Düşünce özgürlüğünü suç sayan
kanun maddeleri 'Hıyaneti Vataniye' yasasından bu yana farklı kanun numaralarıyla varlığını koruyor. Düşünce ve fikir hürriyetinin önüne çıkan kısıtlamalar kimi zaman "Türklüğü, devleti, cumhuriyeti... alenen tahkir ve tezyif" kimi zaman da, "irtica, bölücülük, halkı kamplara ayırmak" başlıkları altında kanun maddelerinin içine girdi.
12
Eylül askeri darbesinin ardından getirilen "Sıkı Yönetim Yasası", "1982 Anayasası", Turgut
Özal döneminde kaldırılan TCK'nın "141 ve 142. maddeleri", eski TCK'nın "312. ve 159." maddeleri ve son olarak da 301. madde...
BİNLER MAĞDUR OLDU
12 Eylül döneminde başta üniversite öğretim üyeleri olmak üzere birçok kamu görevlisinin işten atılmasına neden olan 1402 sayılı Sıkı Yönetim yasasının ardından fikir özgürlüğü yargılanmaya devam ediyor. 12 Eylül darbesi sonrası ara rejim döneminde toplam binlerce kişi 1402'den mağdur oldu.
MADDE FARKLI AMA...
Turgut Özal, 1991'de terörle mücadele gerekçesiyle 3713 sayılı yasayı çıkartırken, Ceza Yasası'nın vatana ihanet ve irtica ile ilgili sınırlamaları getiren 141, 142 ve 163. maddeleri yürürlükten kaldırdı. Son olarak AB'ye uyum yasaları çerçevesinde yeniden düzenlen TCK'da ise, eski TCK'nın 312. ve 159. maddesinin yerine de 301. maddedeki hükümler düşünce ve düşünceyi ifadeyi suç saydı.
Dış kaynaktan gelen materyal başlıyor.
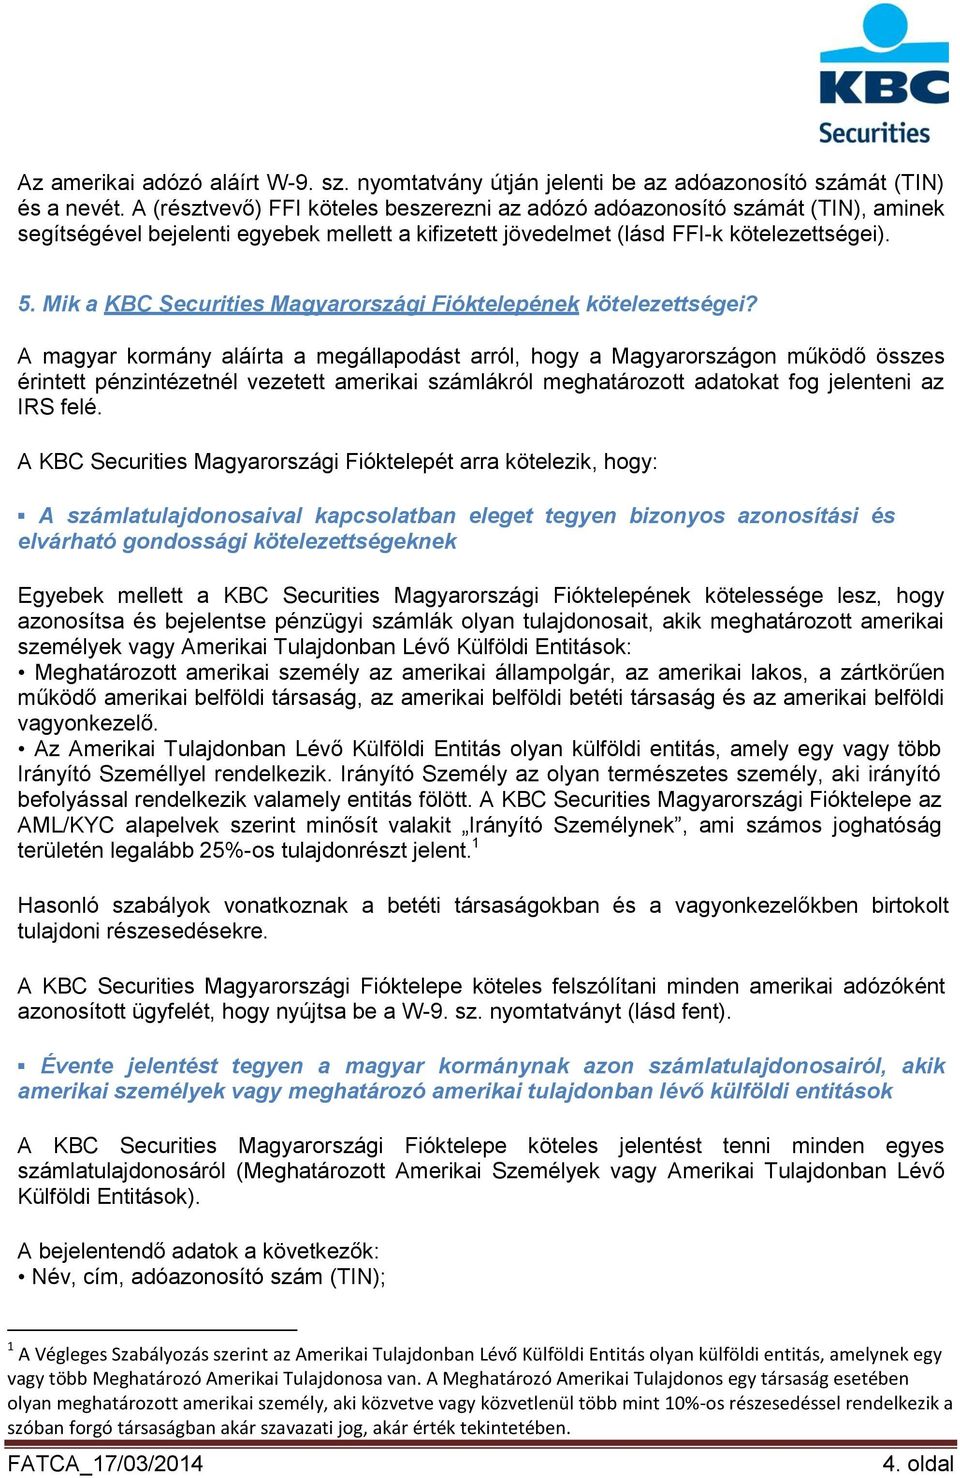 Mik a KBC Securities Magyarországi Fióktelepének kötelezettségei?

TCK'nın 301. maddesinde, eski 159. madde hükümleri hafifleştirilmek istenirken, eski maddedeki 'tahkir ve tezyif' deyiminin yerine 'aşağılama' sözcüğü konuldu. 301'ncı maddenin başta gelen mağdurlar Nobel edebiyat Ödülü alan Orhan Pamuk, Hrant Dink, Elif Şafak, Hasan Cemal, Abdurrahman Dilipak, Ferhat Tunç, İpek Çalışlar ve çok sayıda yazar ve edebiyatçı oldu.
301 için kim ne dedi?
Marmara Üniversitesi Hukuk Fakültesi'nden Prof. Dr. Ahmet Gökcen: Maddenin formülasyonunda problem yok. Eskiden 'aşağılama' yerine 'tahkir ve tezyif' sözü vardı. Bunun anlamı 'hor görme', 'adi, bayağı gösterme', 'aşağılama'ydı. Türkçe olsun diye 'aşağılama' denildi. Ama bunu 'tahkir ve tezyife göre maddenin kapsamını genişletmiş' gibi anlayan meslektaşlarımız da olabilir. Ancak maksat maddenin kapsamının genişletilmesi değildi.
İstanbul Üniversitesi Hukuk Fakültesi'nden Doç. Dr. Adem Sözüer: Eskiden 'tahkir ve tezyif' suçunu düzenleyen 159. madde vardı. Yeni kanun hazırlanırken 'İfade özgürlüğünü sınırlıyor' diye madde daha somut hale getirildi. Ama uygulamada bu tür davalar açılmaya başladı.
AK Parti Kastamonu Milletvekili ve Komisyon Başkanı Hakkı Köylü: Savcılar dava açabilir. Ama bu tür suçlarda mahkemelerin takdir hakkı geniştir, yani yoruma açıktır. Mahkemelerden çıkacak kararları beklemek lazım. Uygulamaları gördükten sonra maddenin değişip değişmeyeceğine karar verilebilir.
CHP Çorum Milletvekili Feridun Ayvazoğlu: Türklüğün kesinlikle kafatasçı bir anlayışla yazılmadığını kabul etmeliyiz. Fakat 'Benim özgürlüğüm vardır, Türk devletini de Türklüğü de, devletin, TBMM'nin manevi şahsiyetini de tahkir ederim, hakaret ederim' diye bir anlayış olabilir mi?